Judge of the Raleigh County Circuit Court
- Incumbent
- Assumed office April 10, 2019
- Appointed by: Jim Justice
- Preceded by: John A. Hutchison

Personal details
- Born: 1962 (age 63–64) Beckley, West Virginia, U.S.
- Spouse: Cindy Poling
- Children: 1
- Education: West Virginia University (BA), West Virginia University College of Law (JD)

= Darl W. Poling =

American judge of the 10th Circuit Court of West Virginia

Darl W. Poling (born 1962) is a judge of the Raleigh County Circuit Court in West Virginia.

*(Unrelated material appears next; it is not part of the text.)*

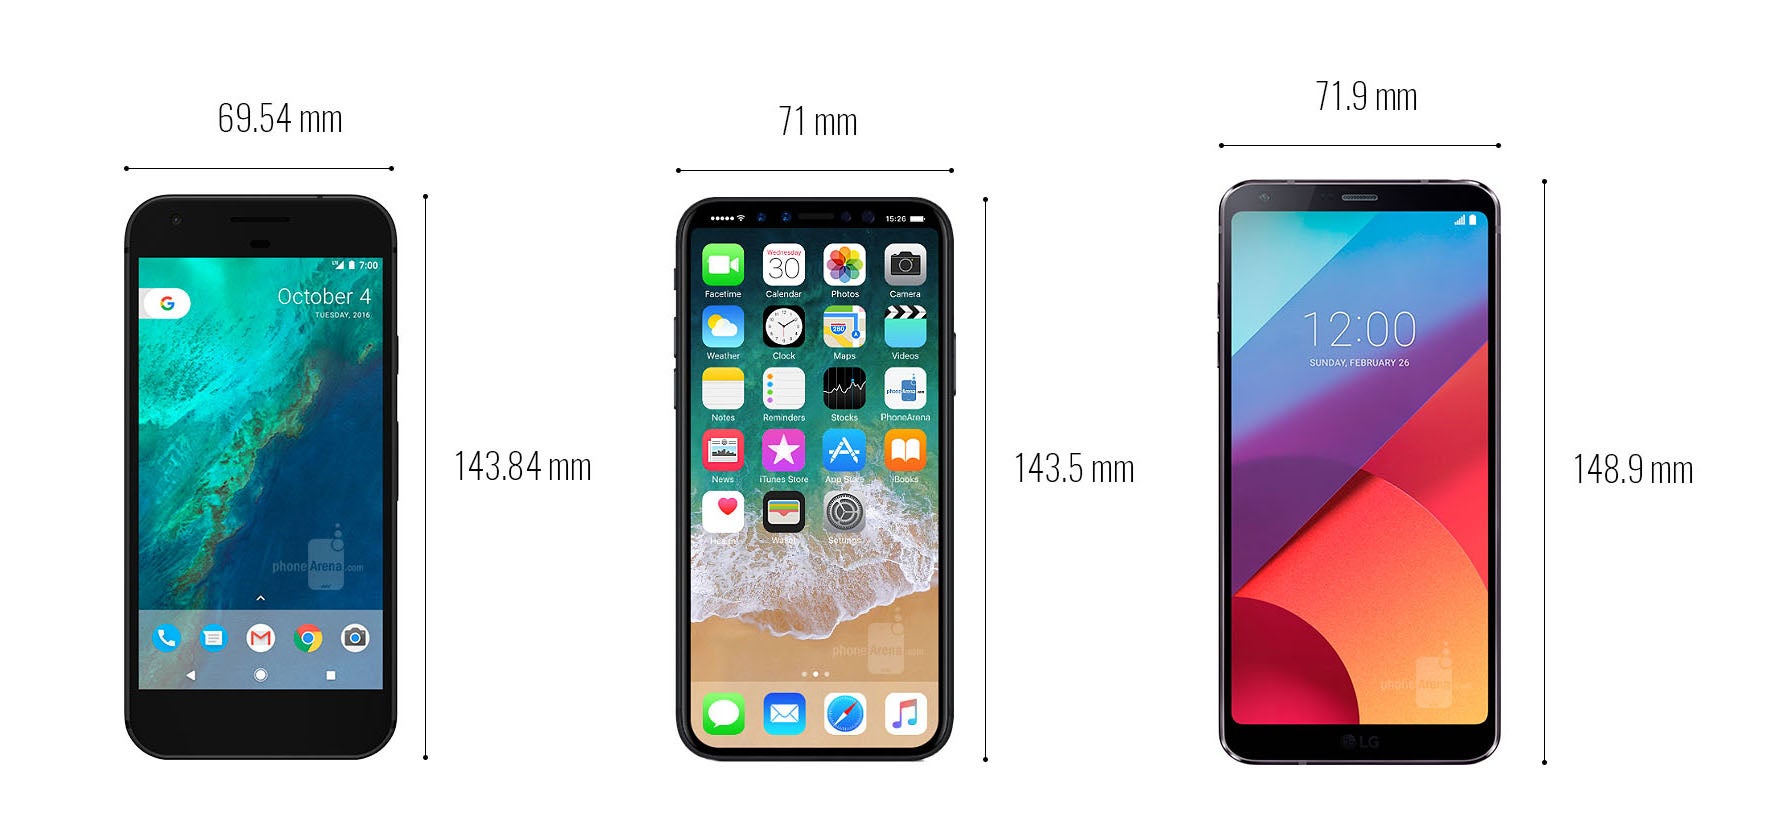 iPhone 8 vs iPhone 7/7Plus, Galaxy S8/S8+, LG G6, Google Pixel: size comparison

Poling was appointed by Governor Jim Justice in 2019 to serve as a circuit judge on the Tenth Judicial District in Raleigh County following the appointment of Judge John A. Hutchison to the West Virginia Supreme Court of Appeals.

== Biography ==
Poling was born in Beckley, West Virginia and is a lifelong resident of Beckley. He is a 1980 graduate of Woodrow Wilson High School (Beckley, West Virginia) and a collegiate graduate West Virginia University, and the West Virginia University College of Law, where he earned his Juris Doctor degree.

=== Judicial service ===
Poling was a Beckley municipal court judge until he was appointed to serve as a circuit judge of the Tenth Judicial Circuit in 2019 by West Virginia Governor Jim Justice following Raleigh County judge John A. Hutchison's appointment to the Supreme Court of Appeals of West Virginia. Poling was also a lawyer with the law firm of Abrams, Byron, Henderson & Richmond and in 1990, formed the law firm Canterbury, Poling & Roop. He was also a public defender with the Public Defender Corporation of Raleigh County. Poling was sworn in as circuit judge by Judge H. L. Kirkpatrick on April 10, 2019.

== Personal life ==
Poling is married to Cindy Poling, who is a teacher with Raleigh County Schools for more than thirty years. They have one son, Sean.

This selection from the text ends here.